# Rockler coupon for this Saturday 03MAR



## Brew (May 21, 2004)

Just got an E/M with coupons for 15% off almost everything, excluding power tools, Leigh jigs, gift cards & sale items and 10% off all power tools. Saturday only, all day. Might finally get me something to sharpen up my turning tools! 

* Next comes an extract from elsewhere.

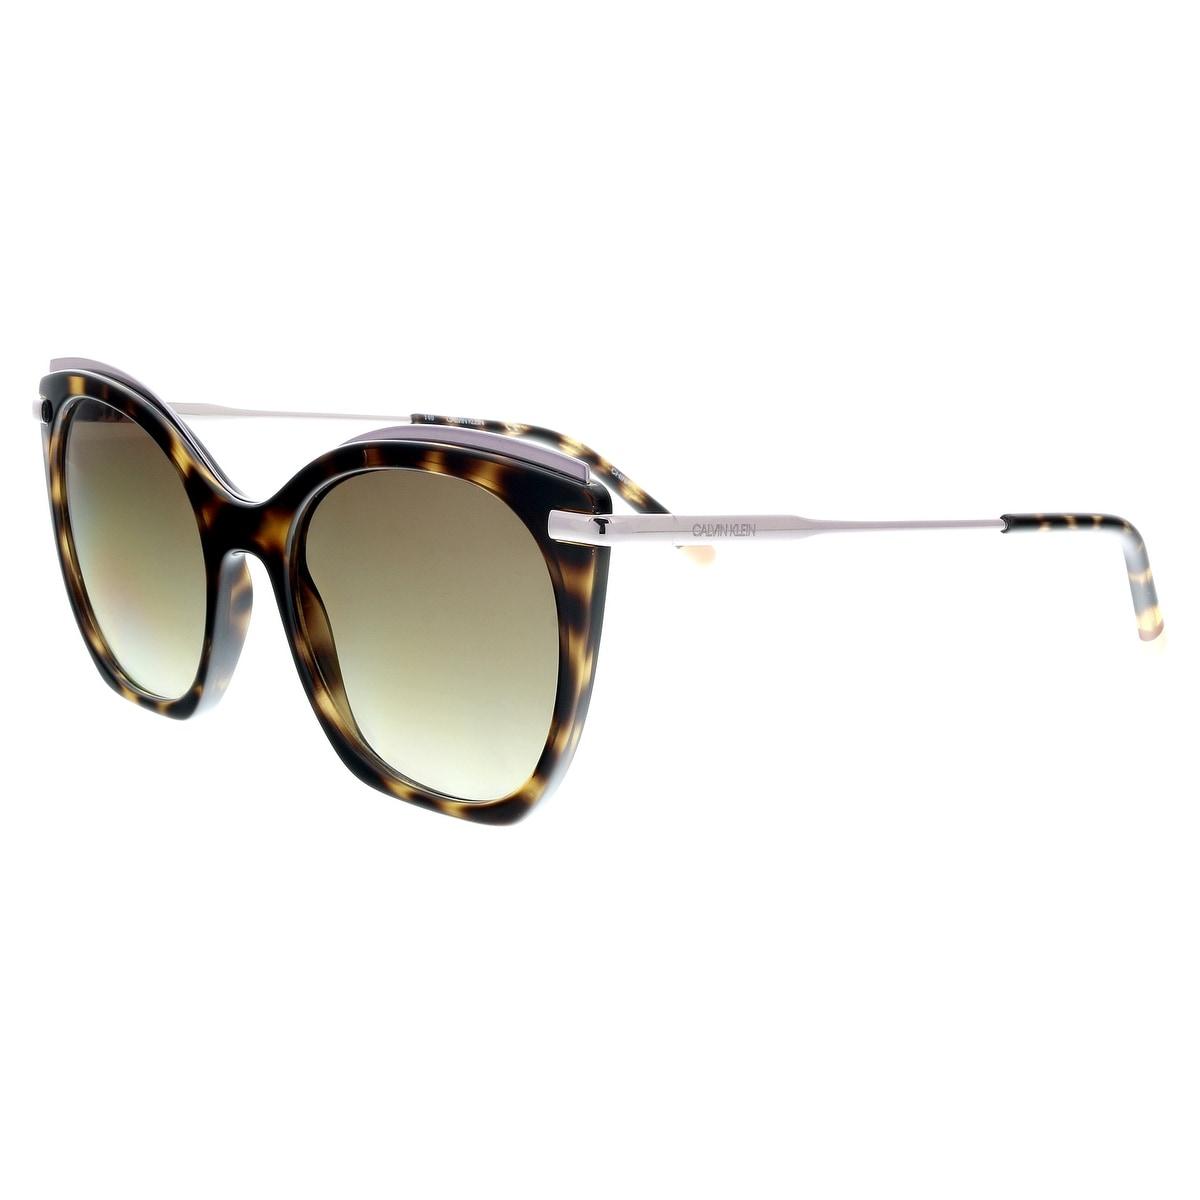 a8eeb066c734 Calvin Klein Women's Sunglasses | Find Great Sunglasses Deals Shopping at  Overstock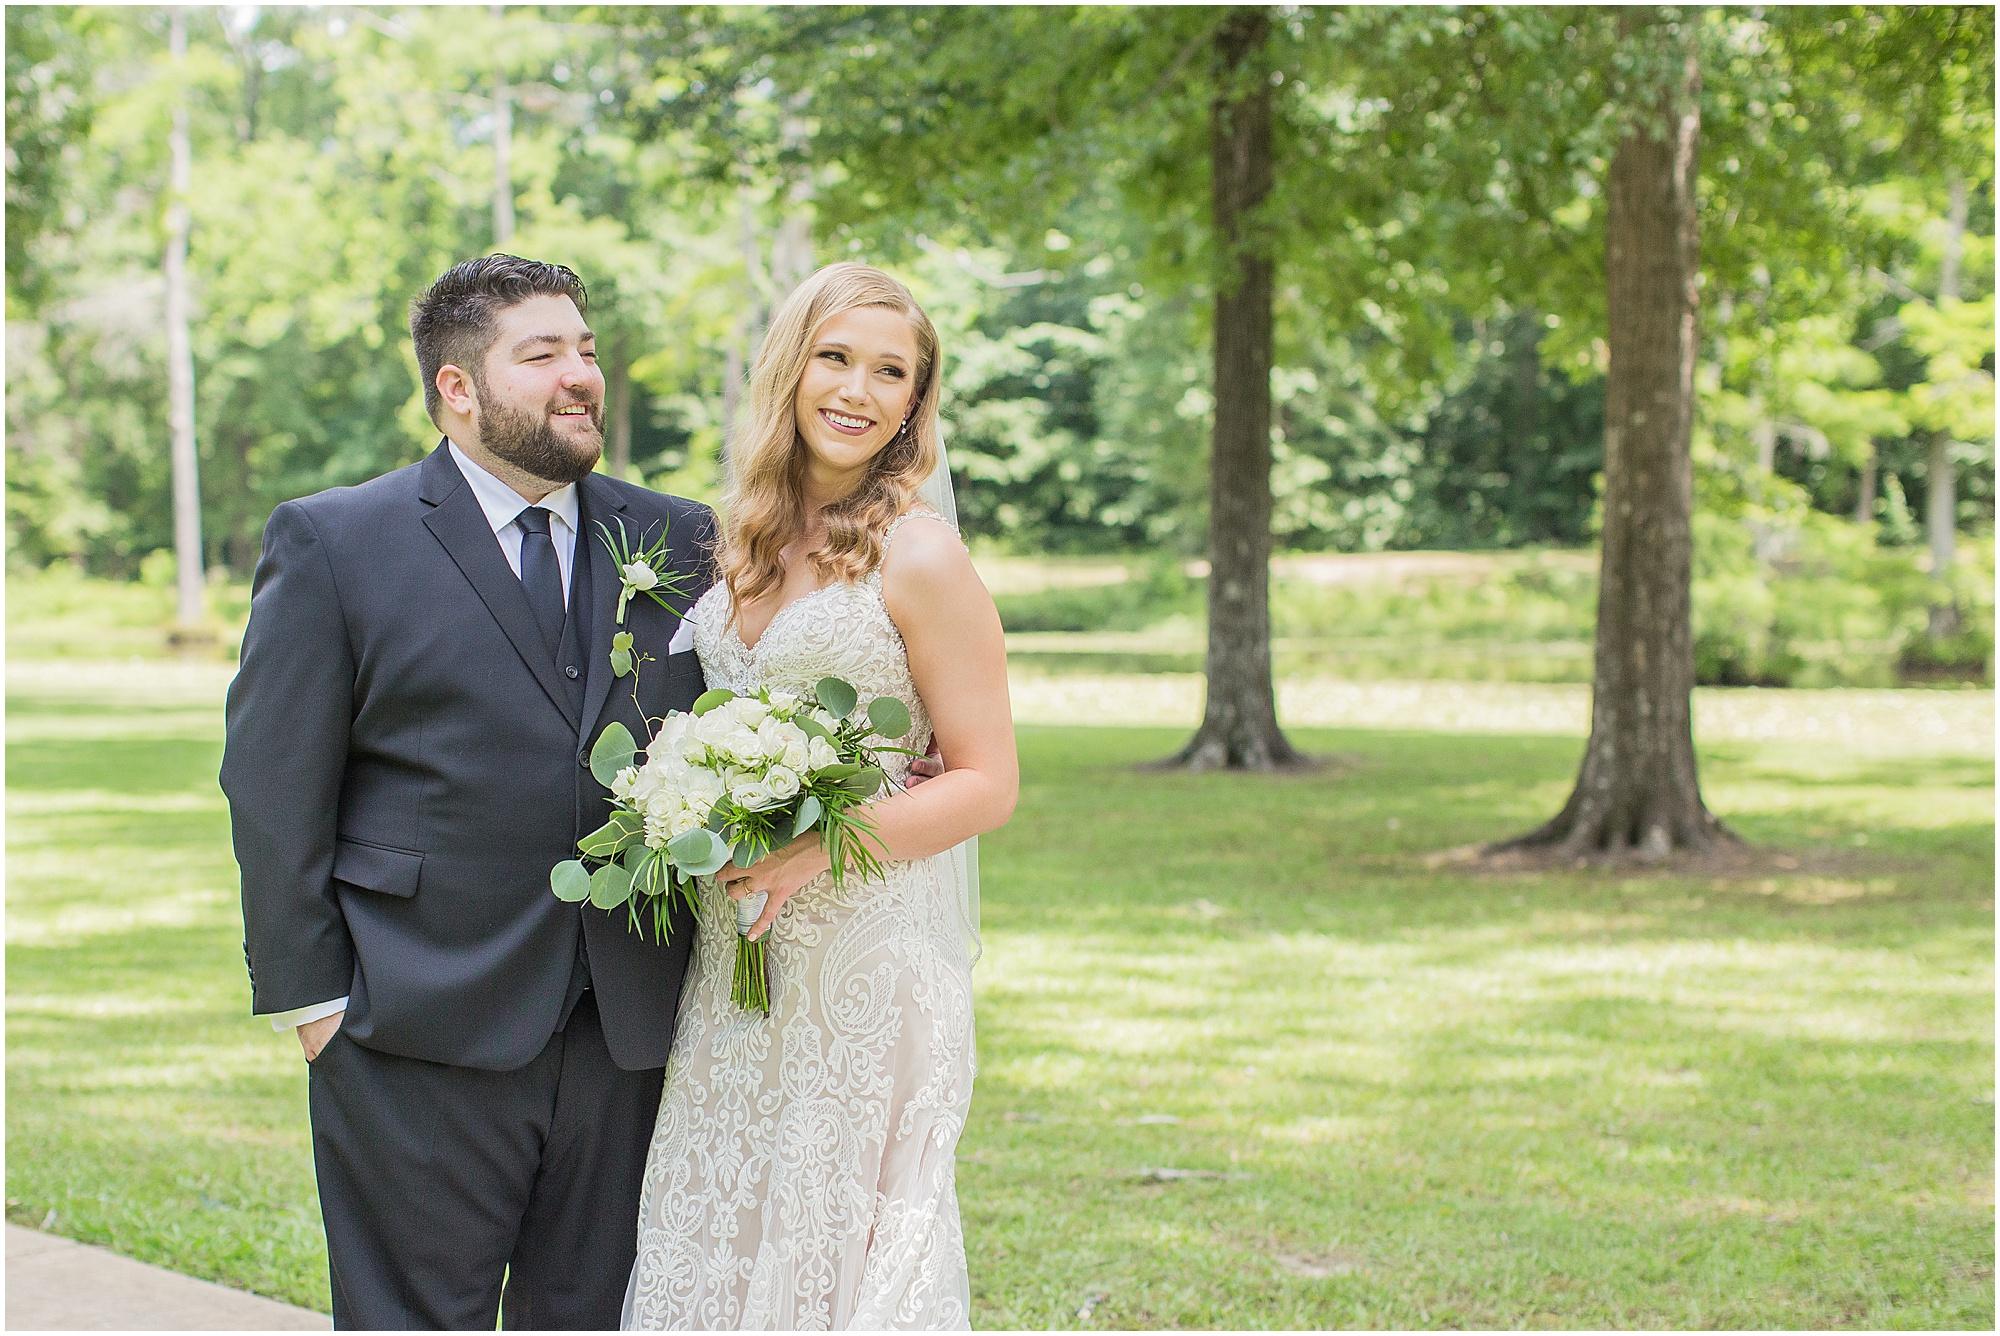 mississippi-summer-wedding-mcclain-lodge_0015.jpg

Also got an E/M from Northern, they have a bunch of benchgrinders on sale with free shipping. They're all single speed. Free shipping on stands too if you don't have space to mount them on a benchtop.
http://www.northerntool.com/webapp/wcs/stores/servlet/CatDsp?No=0&storeId=6970&N=97+432
Jeff


----------



## HStewart (May 20, 2005)

Woodcrafters is also offering 10% on Saturday, March 3rd.


----------



## trodery (Sep 13, 2006)

MAN! What a deal! To bad my wife is on her way over to Rockler to pick me up some stuff right now. When I bougth the bandsaw the other day they did not have the riser kit in stock, it came in today BUT Woodcraft had that riser kit for $20 cheaper so they are matching that price... I guess that is better than 15% off.


----------



## Slip (Jul 25, 2006)

Dang, like said earlier, Woodcraft is having 10% off Saturday and would have been a good time to get it or get a match from Rockler with 10% off also. Oh well, can't wait on everything. Much more to buy anyway, so go and buy more stuff. It is never ending now that you are hooked. Just can't get enough.


----------



## HStewart (May 20, 2005)

Woodcrafters also told me I could get 10% off in March because it is my birthday. So, if your birthday is in March, ask them. I go to my first class in the morning, so getting ready. Already bought some tools from ebay.


----------



## Hooked (Oct 15, 2004)

Got the same email Brew. May call for a drive up there in the morning except I want tools.....


----------



## Bobby (May 21, 2004)

Ok where is Rockler at in Houston. I tried to find it on my nav system today and it only showed one in Dallas and Arlington. None in Houston.


----------



## Brew (May 21, 2004)

59 & Weslyan on the north bound feeder
3265 SW Freeway
Houston, Tx 77027
713-622-6567


----------



## Bobby (May 21, 2004)

If I have any money left after taking the wife to Sams I am going to try and make it there to see if there is anything there that I can't live without.

I am going to try to be there about 3pm. if anyone wants to meet there.


----------



## Hooked (Oct 15, 2004)

Bobby, I take I45 to 59 south then exit either Buffalo Speedway or the one after it (can't recall the street name rat now). Make a uturn under the freeway at the street after BS and you'll see Rockler in a strip shopping center (about the middle) on the feeder. 
Here's a link to their map -- http://maps.yahoo.com/py/maps.py?&addr=3265 Southwest Freeway&csz= Houston, TX 77027


----------



## Bobby (May 21, 2004)

I found it ok today just got home. I saw at least 5 wrecks today. I think I need to stay out of Houston. I couldn't believe the backup at the ferry 2 hours of waiting.


----------



## trodery (Sep 13, 2006)

Bobby said:


> I found it ok today just got home. I saw at least 5 wrecks today. I think I need to stay out of Houston. I couldn't believe the backup at the ferry 2 hours of waiting.


What did you find to buy?


----------



## Bobby (May 21, 2004)

I didn't find anything I couldn't live without. My wife did find some pen blanks she liked so she got some of those so I could make her a pen just for her. I went by Jims(Galvbay) house and got him to regrind a couple of tools for me. He also gave me a couple of bowl blanks. I sure hope I don't mess them up.
I will work on them tomorrow if I get a chance.


----------